The reason will be displayed to describe this comment to others. Learn more.

Assume this isnt a regression and the issue started showing up now due to timing changes?

@kouvel
Copy link
Contributor Author

kouvel commented Sep 7, 2023

Assume this isnt a regression and the issue started showing up now due to timing changes?

The issue and test are a bit sensitive to timing, it seems to occur more frequently in the test with GCStress=c in checked builds, where the main thread in the test spends a lot of time doing GCs and Environment.Exit is called before the main thread actually starts waiting for the background thread despite the sleep in the background thread. I'm not aware of anything specific that might have changed to cause this to occur more frequently recently.

Copy link
Member

@janvorli janvorli left a comment

Choose a reason for hiding this comment

The reason will be displayed to describe this comment to others. Learn more.

LGTM, thank you!

@jkotas
Copy link
Member

jkotas commented Sep 7, 2023

Can this change introduce deadlocks or data corruptions? Are there places in the runtime where suppressing unregistration of the exiting thread is going to lead to orphaned pointer?

@jkotas
Copy link
Member

jkotas commented Sep 7, 2023

For example, what is going to happen if a thread exits right after DeactivateTlsDestructionMonitor and then another thread triggers GC. The suspend for GC is going to hang or crash - it will try to wait the thread that exited to get to the safe spot, but that is not ever going to happen since the thread is gone.

@kouvel
Copy link
Contributor Author

kouvel commented Sep 7, 2023

For example, what is going to happen if a thread exits right after DeactivateTlsDestructionMonitor and then another thread triggers GC. The suspend for GC is going to hang or crash - it will try to wait the thread that exited to get to the safe spot, but that is not ever going to happen since the thread is gone.

Is it possible for a thread to exit right after DeactivateTlsDestructionMonitor but before ExitProcess starts tearing down the threads?

My rationale was that DeactivateTlsDestructionMonitor is called just before the thread (T1) calls ExitProcess, both in preemptive mode. If a different thread T2 triggers GC in-between T1 deactivating and the call to ExitProcess, T2 shouldn't have to wait for T1 since T1 is in preemptive mode. Besides, T2 will get torn down shortly by the OS.
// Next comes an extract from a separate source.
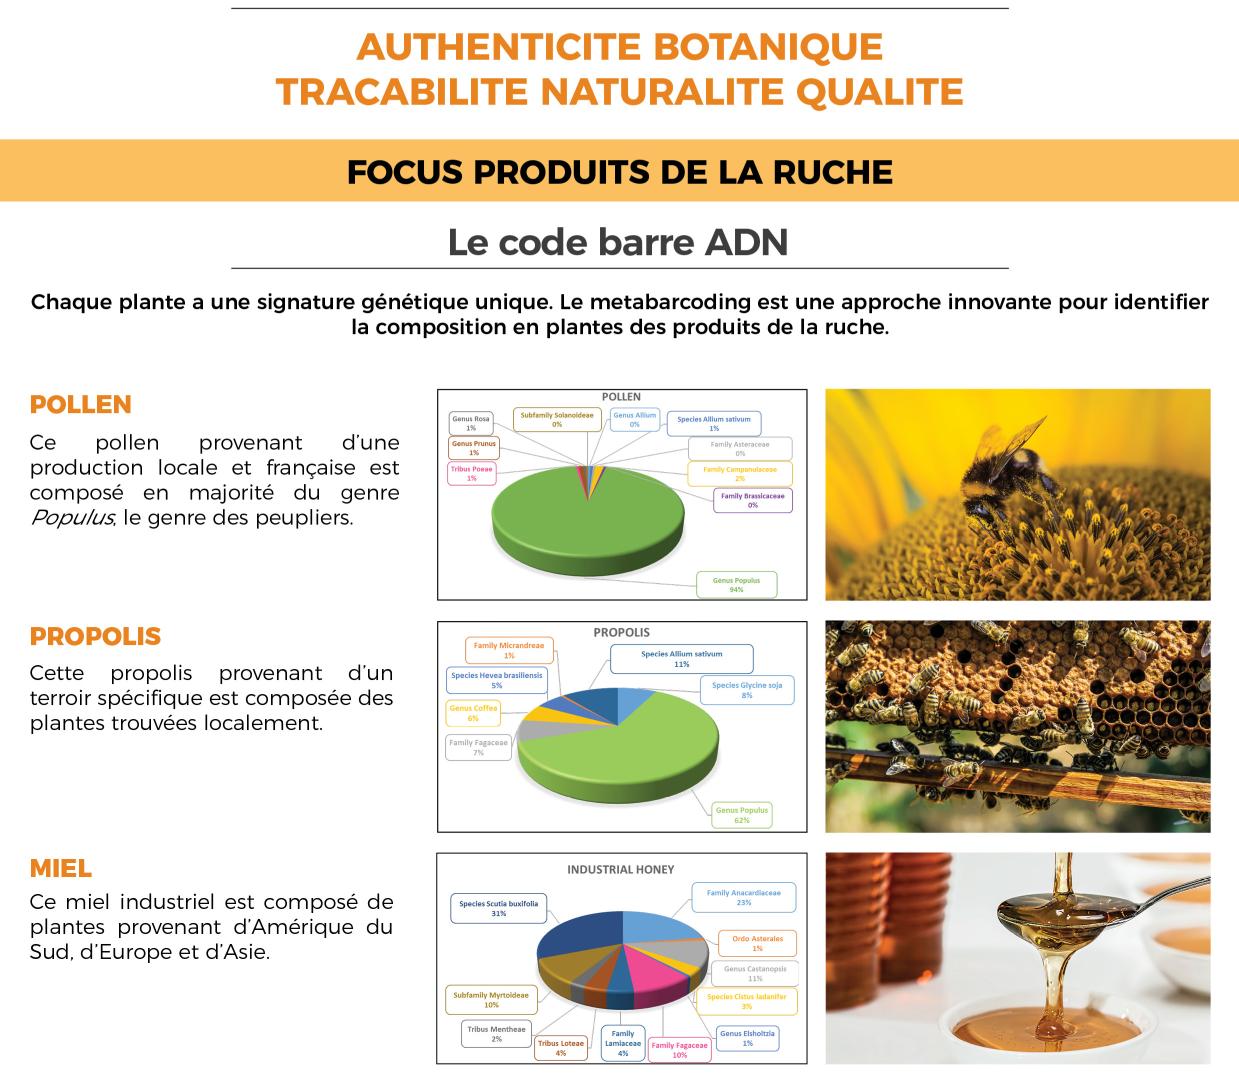 Expertise miel, exemple de résultats

Also I was thinking the pointers relevant to T1 would continue to be valid (like for walking the stack) until the OS starts tearing down all threads. If it's possible that the memory behind those pointers would be deallocated while another thread is still running, then it would be problematic, but the same issue would have existed back when thread cleanup was done upon DLL_THREAD_DETACH since that's not raised for ExitProcess and the thread calling ExitProcess would not have done any cleanup. On Windows anyway, the thread that called ExitProcess appears to be the last thread that gets torn down.

@jkotas
Copy link
Member

jkotas commented Sep 8, 2023

A different example: ExitProcess can be called by 3rd party component. This is going to the common situation when CoreCLR is hosted and does not own "Main". Is it going to hit the same problem?

@danmoseley
Copy link
Member

Just curious, why does any code at all run on Environment.Exit? What is expected to happen other than rapid process termination?

@jkotas
Copy link
Member

jkotas commented Sep 8, 2023

Just curious, why does any code at all run on Environment.Exit?
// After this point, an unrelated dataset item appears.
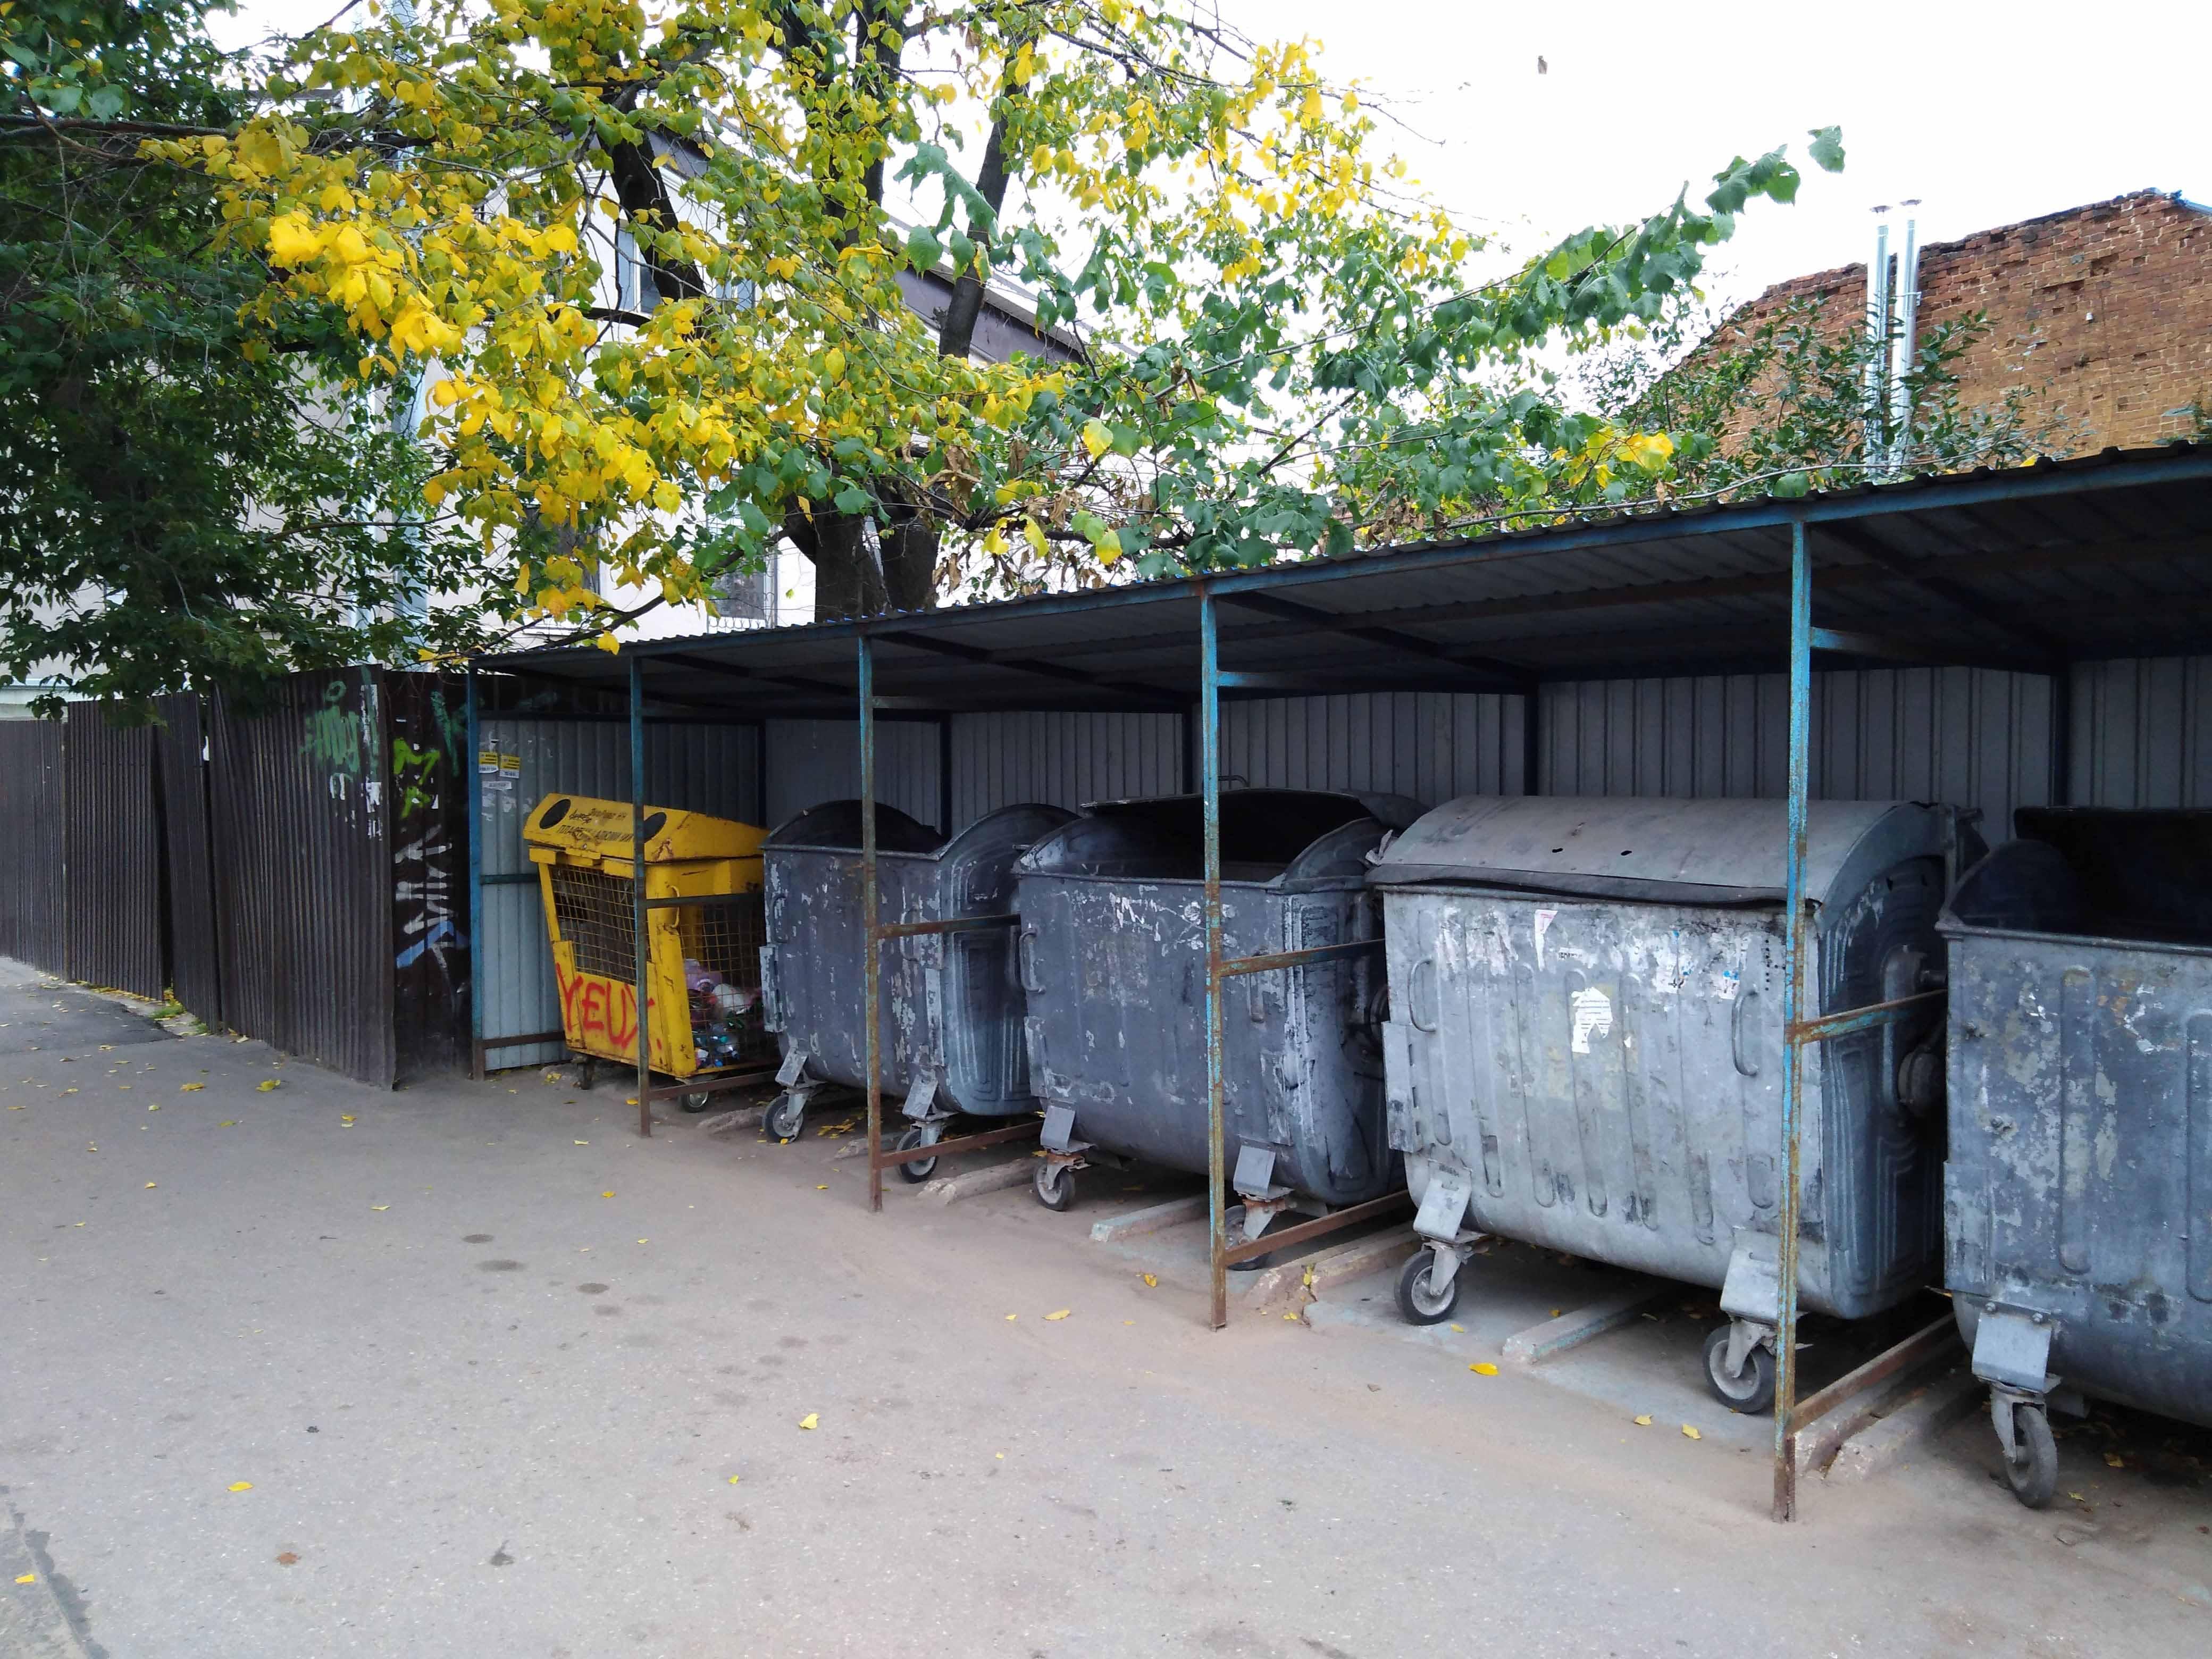 Жителям Самары предлагают выбрать выгодный вариант оплаты за мусор

Environment.Exit is graceful process termination. It runs both managed (AppDomain.ExitProcess) and unmanaged (atexit, DLL_PROCESS_DETATCH) exit handlers.

@kouvel
Copy link
Contributor Author

kouvel commented Sep 8, 2023

A different example: ExitProcess can be called by 3rd party component. This is going to the common situation when CoreCLR is hosted and does not own "Main". Is it going to hit the same problem?

I think returning from the main function would be ok, even if a 3rd party component owns main, because there wouldn't be any managed frames on the stack, and the frame pointer of that thread would be the top frame.

If a thread that has managed frames on the stack calls ExitProcess directly, bypassing Environment.Exit, then it could run into the same type of hang. I'm not sure at the moment what would be a good way of fixing that. Fixing the frame pointer only in DllMain I expect would resolve the issue when coreclr is loaded as a DLL, but I'm not sure about statically-linked cases.

Just curious, why does any code at all run on Environment.Exit? What is expected to happen other than rapid process termination?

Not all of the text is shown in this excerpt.